Three-electrode configuration was employed to construct the sensing devices. A piece of graphite foil with thickness of 0.5 mm was first cleaned by ethanol and deionized water under ultrasonication (300 W), followed by being cut into certain shapes as working electrode (WE), counter electrode (CE), and pseudoreference electrode (RE). Cleaning protocols for all of the other components, that is, poly(methyl methacrylate) (PMMA) substrate and sampling sponge, were also critically applied using ethanol and deionized water under ultrasonication before fabricating each μCS device to prevent any contaminations. The design and dimensions are detailed in Figure S1. A piece of microfluidic paper was sandwiched between the CE and WE, whereas the RE will be placed adjacent to the RE to reduce the ohmic resistance. To complete the device, the electrodes were taped onto a PMMA substrate for easy operation, as shown in Figure . A piece of sponge, placed on one end of the paper channel, was used as analyte reservoir, which contains 2 mL (initial volume) of analyte solution and can constantly feed the analyte solution in 15 min. During the measurement, a glass vial was used to cover the sampling sponge to prevent the solvent evaporation or concentration change of an analyte. An absorbent pad cut in pieces is located at the other end of the paper channel. The function of the absorbent pad is to wick the fluid through the paper channel, create a quasi-steady flow of analyte within the paper channel, and accumulate the amount of analyte flowing through the detection sites. For preparation of the Bi-modified WE, the catalyst suspension ink was first prepared by dispersing 5 mg of Bi2O3 and 15 mg of carbon black (Vulcan XC-72) together with 0.5 mL of 20 wt % Nafion in 1.5 mL of ethanol solution. The modified electrode was then prepared by applying 5 μL of the above ink solution onto graphite foils, covering an area of 0.5 × 0.5 mm2, which is comparable to the effective surface area of WE in a modifier-free μCS device (as detailed in the Supporting Information). The function of carbon black is to better disperse the Bi species and also improve the electrical conductivity within the catalyst layer.

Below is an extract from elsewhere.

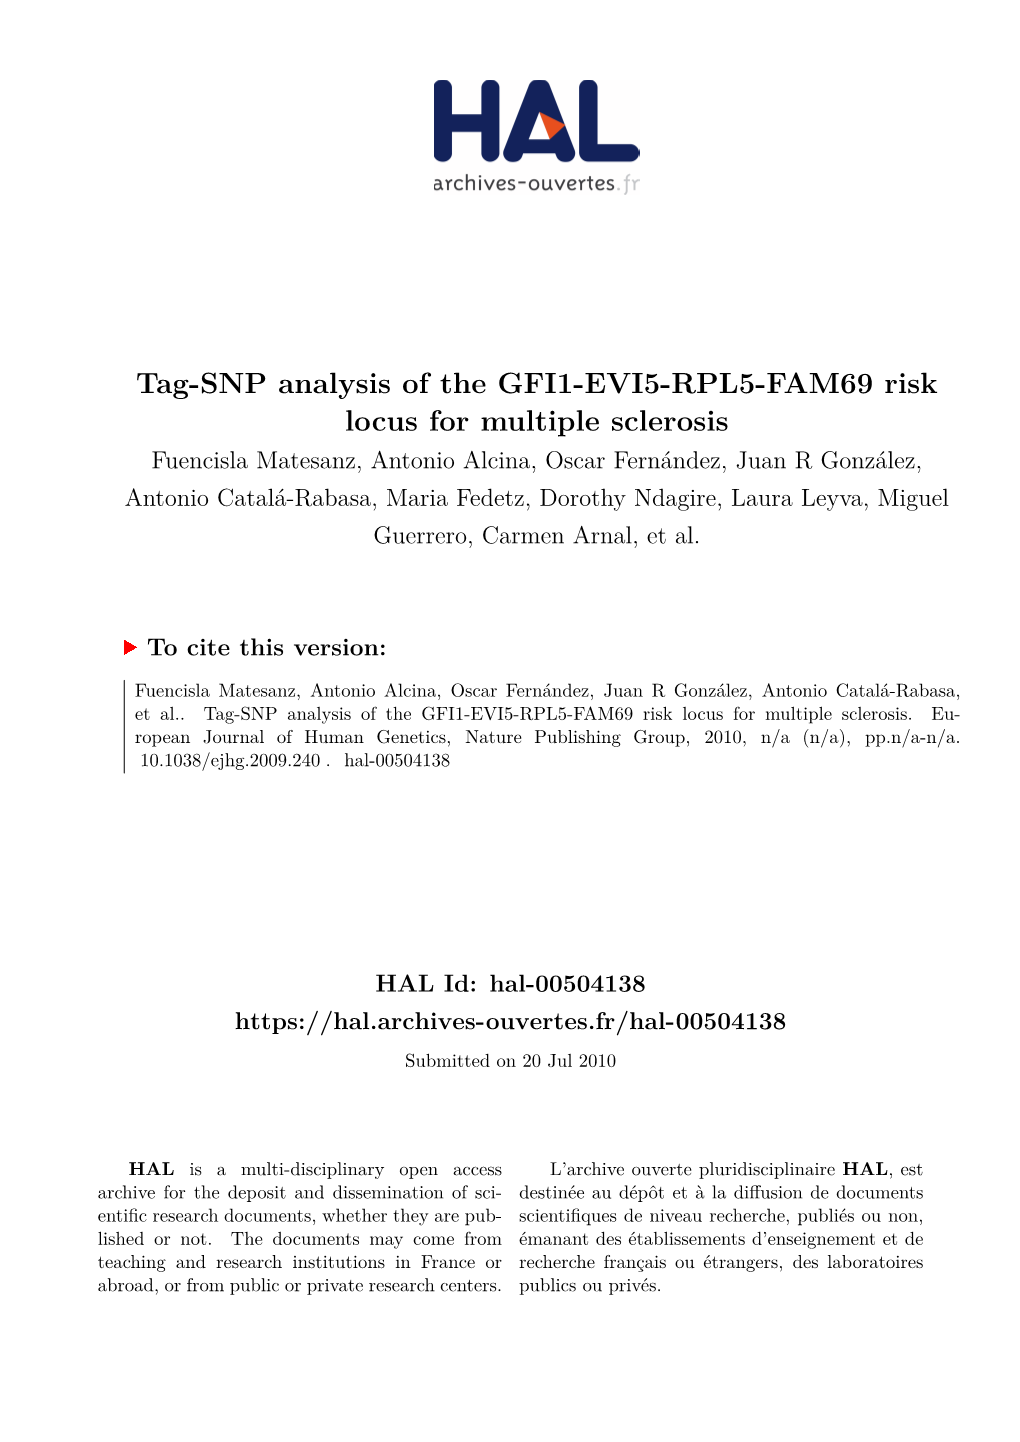 Tag-SNP Analysis of the GFI1-EVI5-RPL5-FAM69 Risk Locus

Electrochemical Measurements

Electrochemical measurements were carried out on PARSTAT Multichannel-1000 (AMETEK) controlled by the VersaStudio software. The SWASV measurements were conducted at room temperature, and no deaeration was performed to the supporting electrolyte (0.1 M acetate buffer solution). Heavy-metal concentrations were evaluated using square-wave anodic stripping voltammetry (SWASV). The SWASV experiments comprise an electrochemical deposition step and a square-wave anodic stripping voltammetry scan. The SWASV was performed under the following conditions: pulse height, 25 mV; step height, 10 mV; frequency, 25 Hz. The calibration plots were generated by conducting four independent measurements using four μCS devices. On each device, the measurements were conducted with one standard solution after the other, starting from the lowest to highest concentration. In total, four sets of data were obtained, which are later used to generate the error bars (defined as the relative standard deviation) for each concentration.

Structural Analysis

Raman spectra were recorded with a Bruker Senterra Raman microscope spectrometer with 532 nm excitation (laser power: 0.5 mW) and a 3 cm–1 resolution and were captured from three different points for each sample. The morphology of graphite foils was investigated using a scanning electron microscope (Philips XL30 FEG) operated at an accelerating voltage of 30 kV.